Hakim gerçekten de bana "Pişman mısın?" diye sordu. Ben avukatımı üzerek, "değilim!" dedim. Filistin Halkının haklı davasını savundum. Ve 10 yıl hapis cezası aldım. Ama o duruşmada Ebu Firaz'ın beni ayakta alkışlamasını, mutluluğunu hala unutmadım. 

Hayat böyle, bazen, geleceğe miras bırakmak için bedel ödersiniz. Çünkü anne babaların çocuklarına "bak o da yıllarca uğraştı, ne oldu" diye gösterecekleri bir örnek olmak kadar kötü bir şey yoktur hayatta.

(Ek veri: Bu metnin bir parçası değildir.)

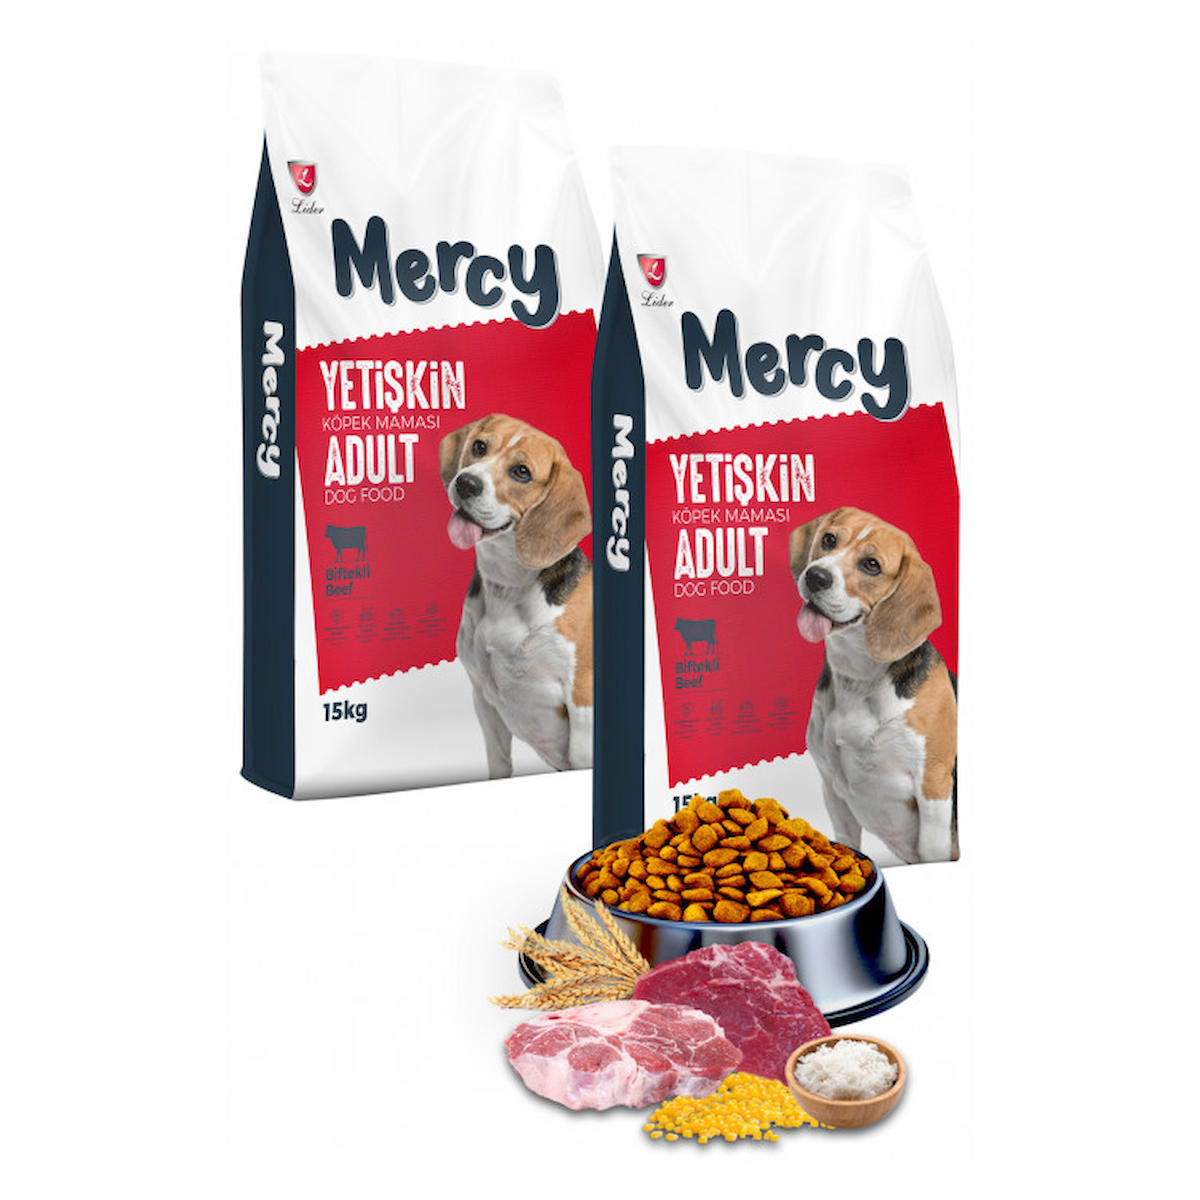 Mercy Biftekli Tüm Irklar Yetişkin Kuru Köpek Maması 2x15 kg

Sonraki yıllarda da Filistin davasına ilgi duymaya devam ettim. Filistinli gruplarla ilişkilerim oldu. Hala da var... Çünkü Filistin halkı mazlum ve direnişi ile bütün mazlumların ilham kaynağıdır. İnsani değerlerini yitirmemiş herkesin kalbi biraz Filistin halkı için atar...

Nasrallah, 1982 yılında siyaset sahnesine çıktı. Lübnan işgal edilmişti. Bir grup genç işgalci güçlere saldırı düzenledi. Yüzlerce işgalci öldü, Amerika ve Fransa Lübnan'ı "terk etti". O saldırıyı örgütleyen gençlerden biri Nasrallah'tı. Şii Emel örgütünden ayrılan grup, daha sonra Hizbullah örgütüne dönüştü ve Nasrallah, bir kaç yıl sonra, 1992'de örgütün lideri oldu.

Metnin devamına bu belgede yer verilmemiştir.